If you know a little bit of Javascript, and you generate code for a Snake-type of game, you are able to understand the generated Javascript code, and make tweaks as needed, and even expand it a little by using AI and your skills.
You will get somewhere as a beginner. But that's all it can do for you. Any kind of topic that has nuance and technical details, such as game dev, AI will get wrong, 100% of the time.
And on a topic where correctness is required, you can not rely on AI.

Code that doesn't compile won't mean you have 99% of a game, it means you have 0% of a game until you fix the issue. And if AI generated the wrong code, and you aren't smarter than the AI, you won't be able to build a game, at all.
The way I see it, the barrier to entry in some fields is going to get lowered, but the ceiling will remain as high as ever, and AI is not going to help with getting to that ceiling because you are offloading your mental process and understanding and achievement to a separate entity.

So at most, AI is going to help automate tasks that a professional already knows how to do.

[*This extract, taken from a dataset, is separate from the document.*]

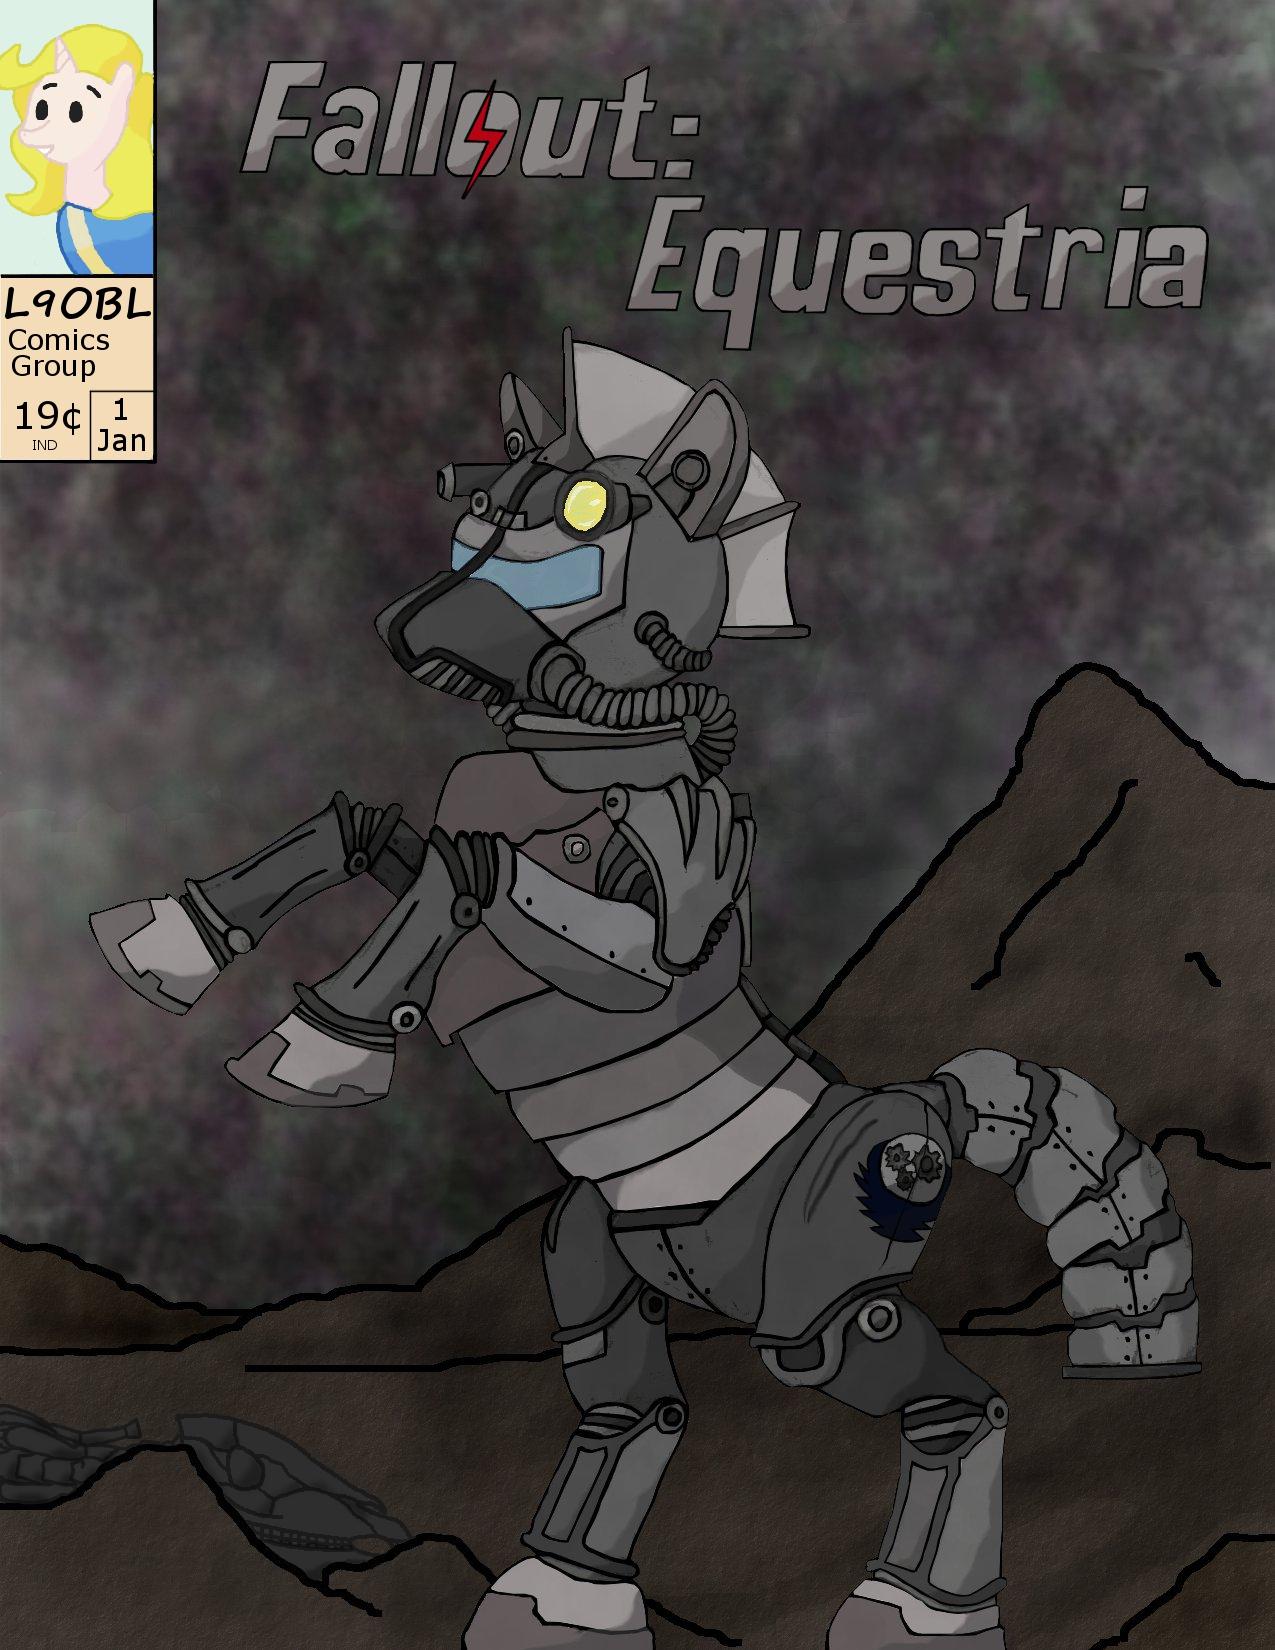 Fallout Equestria: The Hand Drawn Comic Issue 1
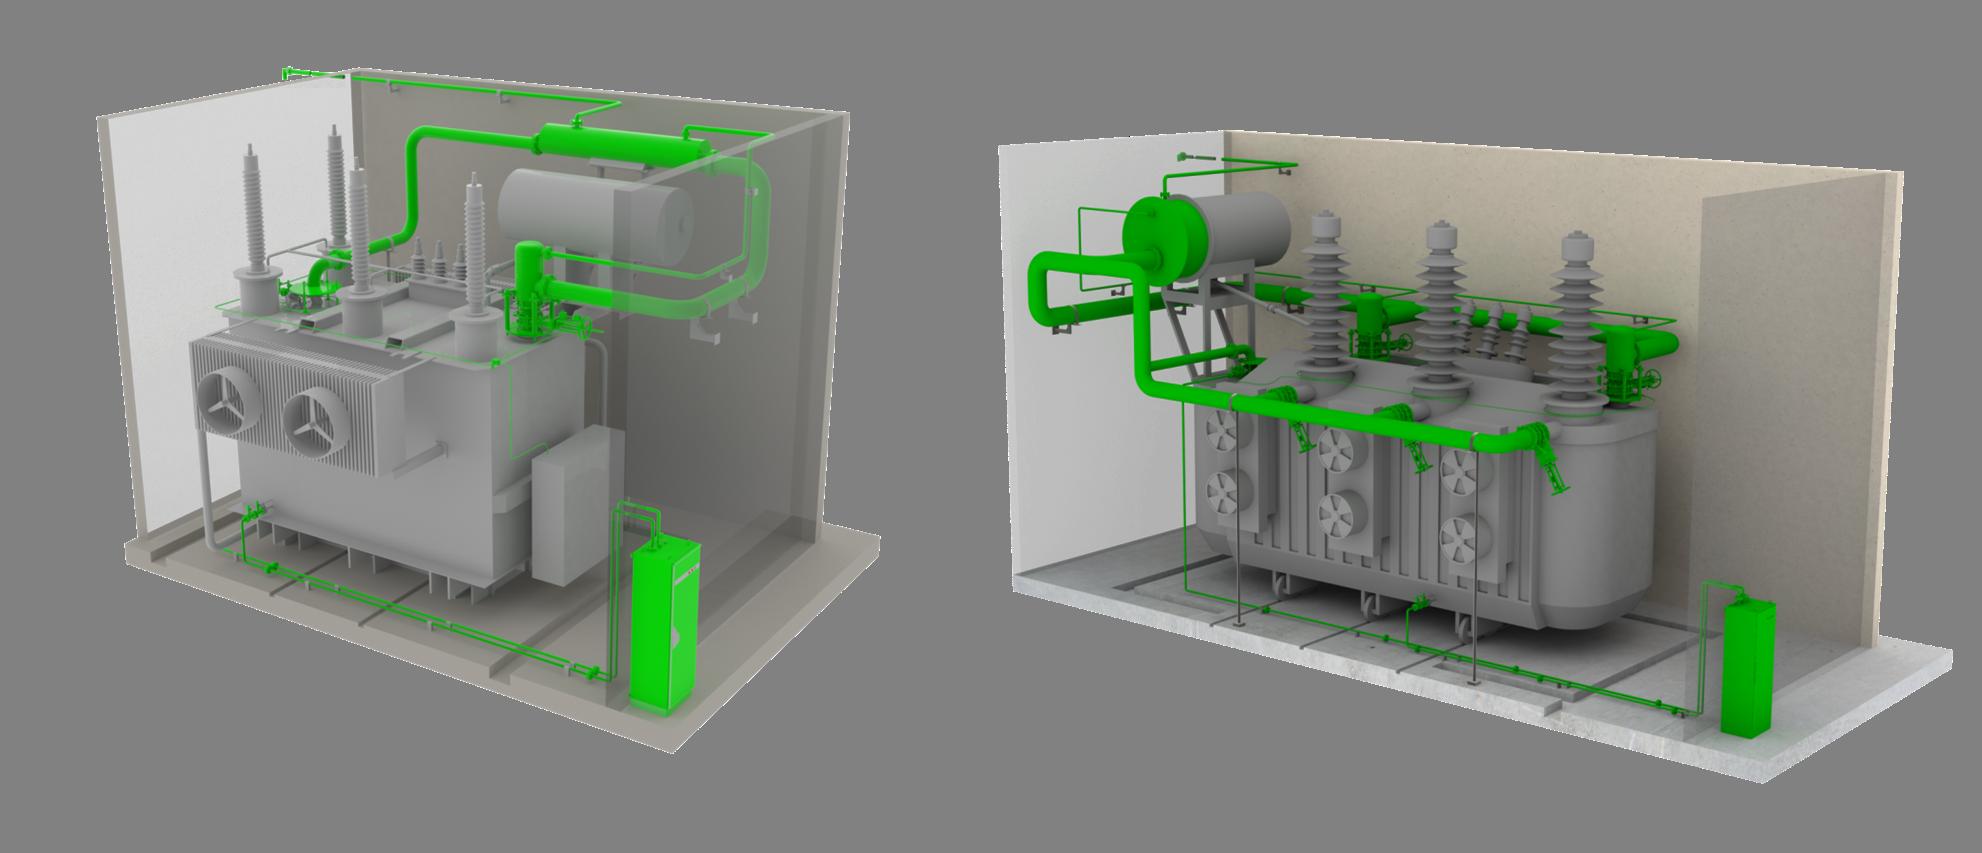 Explosionsschutz Transformator, Brandschutz Transformator, Transformer explosion protection, transformer fire protection, sergi tss_hp_3

It will help with iteration times and R&D, but will be limited by what its user can do.

Your actual idea or reasoning against AI is pretty dated at this point. But go on
 
Last edited:
There's no paper published. This is basically just marketing based on "trust me, bro".
 
Last edited:
not exactly; they published their architecture for Genie 1 (https://openreview.net/pdf?id=bJbSbJskOS) and then the update posts (first Genie 2 and now Genie 3) are basically project updates

It's fairly transparent, and Deepmind in general a group that has contributed a ton of open research / knowledge over the years
Ah, I wasn't aware of the updates (weird way of doing that, they didn't even bother to update their arXiv upload of the paper). Do you happen to have links to the posts? I can't see any (I am logged in).

Edit: Oh you mean Google's blog posts. I thought you meant posts on OpenReview. Well... To me this isn't a publication. So they did a paper for Genie 1 and that's about it.
 
Last edited:
Nah. Matter of fact, I change my mind. It's going to be nearly impossible to knock off the top 3 inventions of all time.

1. The harnessing of electricity
2. Medicines
3. The wheel
4. Writing
5. The Printing press

Ai is not a top 3 yet and I don't see anything ever knocking those off.
I agree with all of that except: `5. The Printing press`
 
Last edited:
There's no paper published. This is basically just marketing based on "trust me, bro".

This.

I would be careful with getting excited for this. Image and video generation is absurdly expensive and it's unlikely most of them will have accessible prices for much longer. There's a reason why Veo 3 is only 8 seconds long.

Also, AI models are trained based on a lot of pattern recognizing models. It took a year for Chat GPT to be able to generate full glass of wine images because it required extensive training.

Unless you curated a local LLM with the stuff you wanted, you will have a very hard time controlling AI generating the details or vision you want. This would be more useful to start or finish boring parts of a video game most people don't want to do.

I would suggest taking a look on the architectural limitations of transformers, which all LLMs are based off.